Member of Travancore-Cochin Legislative Assembly
- In office 1954 – September 1956
- Preceded by: Himself
- Succeeded by: A. Nesamony (1957-62)
- Constituency: Killiyoor
- In office 1952–1954
- Preceded by: Position established
- Succeeded by: Himself
- Constituency: Killiyoor

Personal details
- Born: 11 April 1921 or 3 March 1923 Palavilai, Southern Division, Kingdom of Travancore, British India (now in Kanniyakumari district, Tamil Nadu, India)
- Died: 12 October 1976 (aged 53 or 55) Sahar Airport, Bombay (now CSMI Airport, Mumbai), Maharashtra, India
- Party: Travancore Tamil Nadu Congress (1945-57); Indian National Congress (1962-69; 7?-76) Indian National Congress (Organisation) (1971-7?);
- Spouse: Roselet ​(m. 1949)​
- Relations: S. Rajeshkumar (grand-nephew ?)
- Children: Pon. Vijayaraghavan; Kasturi,; Rajeswari; Raveendran; Krishnakumar; Vijayalakshmi;
- Parent(s): Ammal (mother) N. Raghavan (father)
- Cause of death: Crash of Indian Airlines Flight 171

= R. Ponnappan Nadar =

Indian politician (1921–1976)

R. Ponnappa Nadar also known as Mayavi Ponnappan, (11 April 1921 – 12 October 1976), was an Indian politician from present-day Kanniyakumari district, Tamil Nadu. He represented the Killiyoor constituency during 1952-56 in the Travancore-Cochin Legislative Assembly. After the Merger of Kanyakumari with Madras State (the predecessor of Tamil Nadu), he once again represented Kiliyoor in the Madras State Legislative Assembly during 1962-67. Later, he represented the Vilavancode constituency in the Assembly during 1967-76.

==Early life ==
Ponnappa Nadar was born on 11 April 1921 in Palavilai (a village near Karungal in Kanniyakumari district) to Ammal and N. Raghavan. His eldest son is Pon. Vijayaraghavan, who is a three time MLA from Killiyoor Constituency. He had two sisters and a brother named Thangappan (the grandson of one of those sisters is S. Rajeshkumar MLA, who has been representing Killiyoor constituency in the Tamil Nadu Legislative Assembly since 2016).

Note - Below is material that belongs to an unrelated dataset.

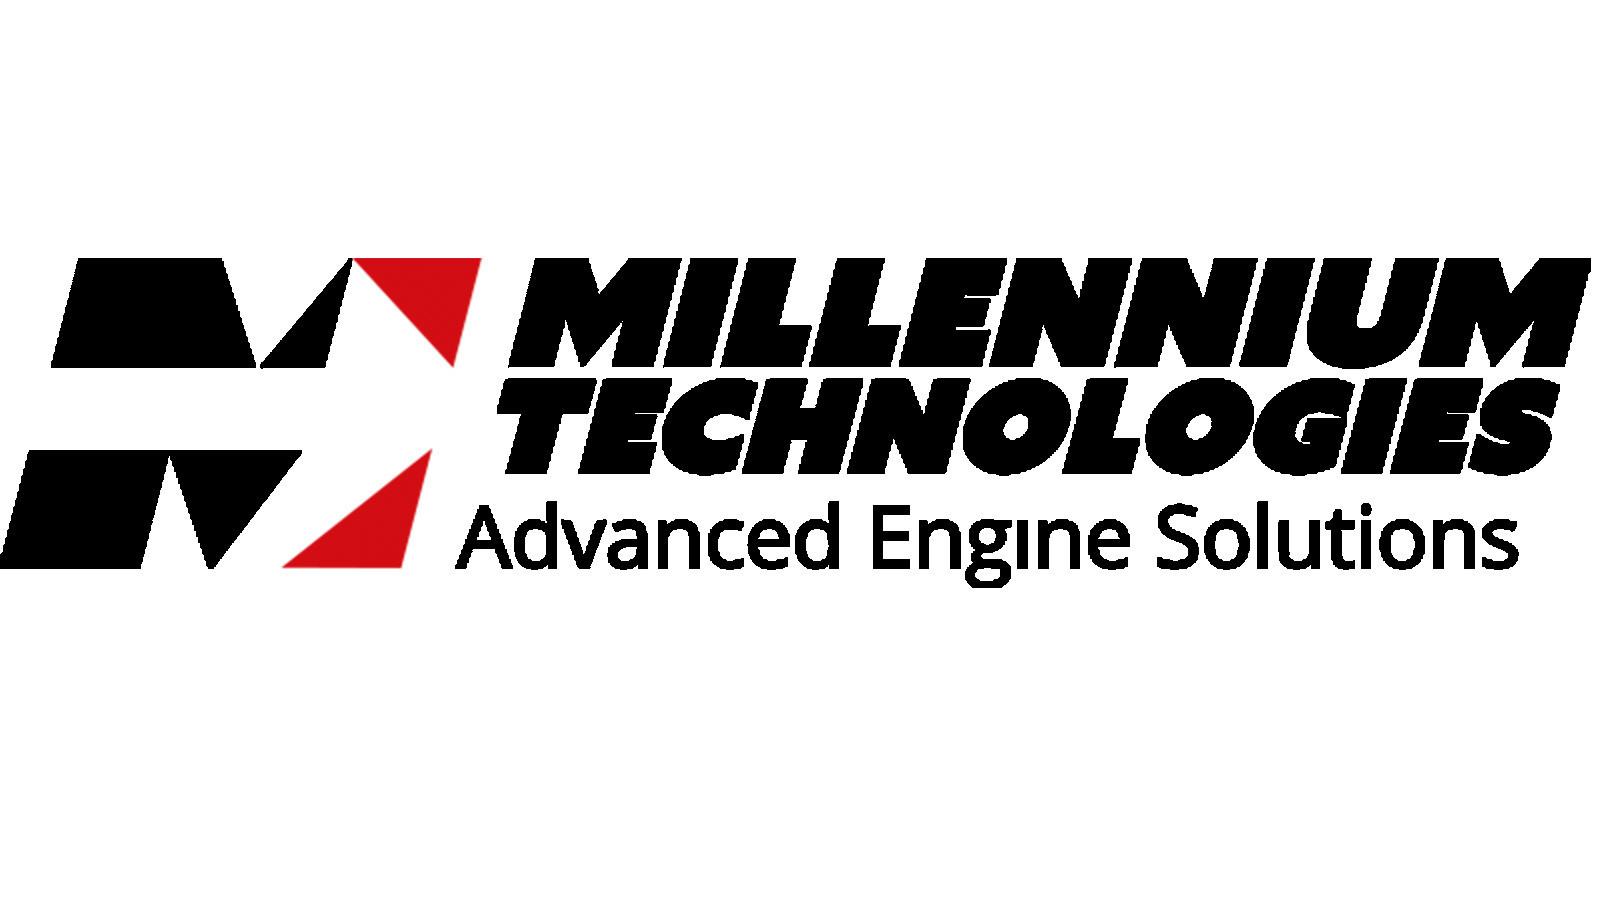 Millennium Technologies - Repair Not Replace

Ponnappa Nadar attended St. Antony's Elementary School, Munchirai Government Middle School, and Eraniel Higher Secondary School. He completed his ESLC examination in 1937. He completed his B.A. degree at the Thiruvananthapuram Maharaja College in 1942, and secured University Third Rank. He later completed his degree in law in 1944 at the Thiruvananthapram College of Law. He married Roselet, on 11 November 1949.

== Schooling ==
Ponnappa Nadar started his schooling a grade in advance, being admitted directly into the second standard. He did his schooling at three different schools, namely St. Antony's Elementary School (II to IV standard), Munchirai Government Middle School (V to VIII form), and Eraniel Higher Secondary School (IX to E.S.L.C). He completed his E.S.L.C examination in 1937.

== Higher Studies ==
Ponnappa Nadar completed his B.A. (Hons) degree at the Thiruvananthapuram Maharaja College in 1942 with flying colours securing the third rank at the university level, thus rendering him eligible to pursue his Masters Degree. During his college days, he excelled in several aspects, being a sportsperson in the games of Badminton, Hockey and Basketball. He also held the position of secretary at the university Honours Association. He was highly esteemed for his excellent English oratory skills. He later completed his degree in law in 1944 at the Thiruvananthapram College of Law.

== Family Life ==
Ponnappa Nadar married Roselet, the eldest daughter of Arumugakan Nadar of Pattavilai near Thikkanangode on 11.11.1949. They had six children, namely Pon Vijayaraghavan (lawyer and member of the Legislative Assembly), P. Kasthuri (homemaker), P. Rajeshwari (retired TMB Bank officer), Pon Ravindran (retired addl. chief engineer at the Tamil Nadu Electricity Board), Pon Krishnakumar (senior lawyer, ex vice president Nagercoil Bar Association), P. Vijayalakshmi (asst. professor).

==Legal career==
Ponappa Nadar's brother-in-law introduced him to law by enabling him to work as a junior lawyer under the guidance of his family lawyer.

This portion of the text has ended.